INVESTIGADORES
BOSCAINI Alberto
congresos y reuniones científicas
Título:
Phylogeny and heterochronic changes of extant and extinct lynxes
Autor/es:
BOSCAINI, ALBERTO; MADURELL-MALAPEIRA, JOAN
Lugar:
Trento
Reunión:
Congreso; XXXIII Congress of the Willi Hennig Society; 2014
Institución organizadora:
MUSE: Museo delle Scienze di Trento
Resumen:
Fossil remains ascribable to the genus Lynx are quite common in the Plio-Pleistocene sites of the northern hemisphere, above all in Europe and eastern Asia, being a quite ubiquitous presence in the faunal lists of the related deposits. However many aspects of their evolutionary history remain unclear, starting from their own ingroup phylogeny. This is ascribable to many causes, proposed in the past by many authors as: the scarcity of well preserved fossils, the recent and quick divergence of the extant lineages (that impedes well-defined molecular studies), their extreme adaptability and "plasticity" of their body size, difficulties in defining reliable morphological diagnostic features (and observable in the fossil record) and dubious taxonomic attributions. In recent times a special attention has been directed on this group of felids, in the effort of clarifying these obscure points, and in the last decade many studies on extant and fossil lynxes have been conducted on south-western European material.
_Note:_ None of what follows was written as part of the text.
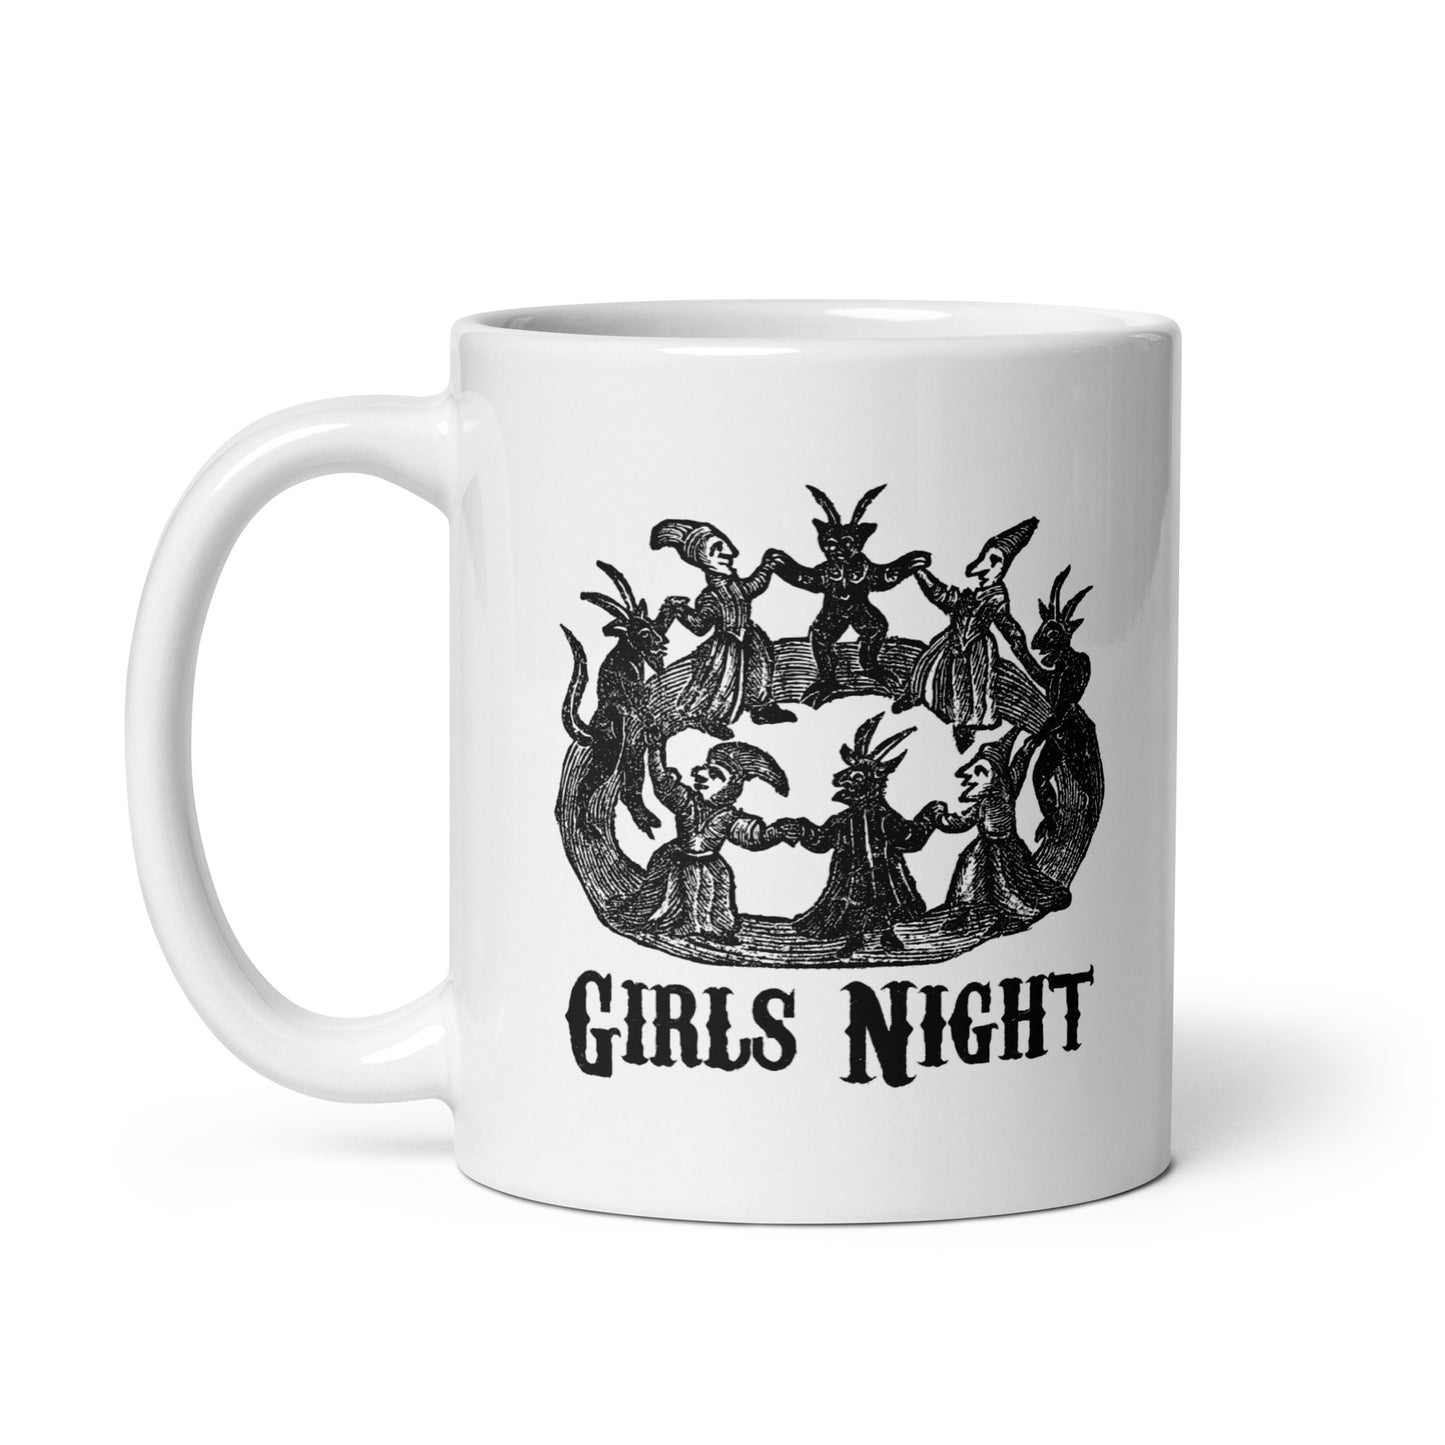 Girls Night mug

New findings ascribable to the species Lynx pardinus, attest the presence of this species in the Iberian Peninsula at 1.5 Ma, pushing back its origins in the late Early Pleistocene, and opened the way to a phylogenetic study based on morphological characters where particular attention has been paid to the heterochronic changes, as a key to understand the branch splitting events. Even if the long-lived Lynx issiodorensis remains the pivotal point in the evolution of the whole genus, Lynx pardinus appeared to be more related with the first small-sized forms of Lynx issiodorensis, and Lynx spelaeus not to be engaged in the evolutionary lineage of the iberian lynx. Cladistics combined with the study of the heterochronic (neotenic) changes casts new light on the genus Lynx´s phylogeny.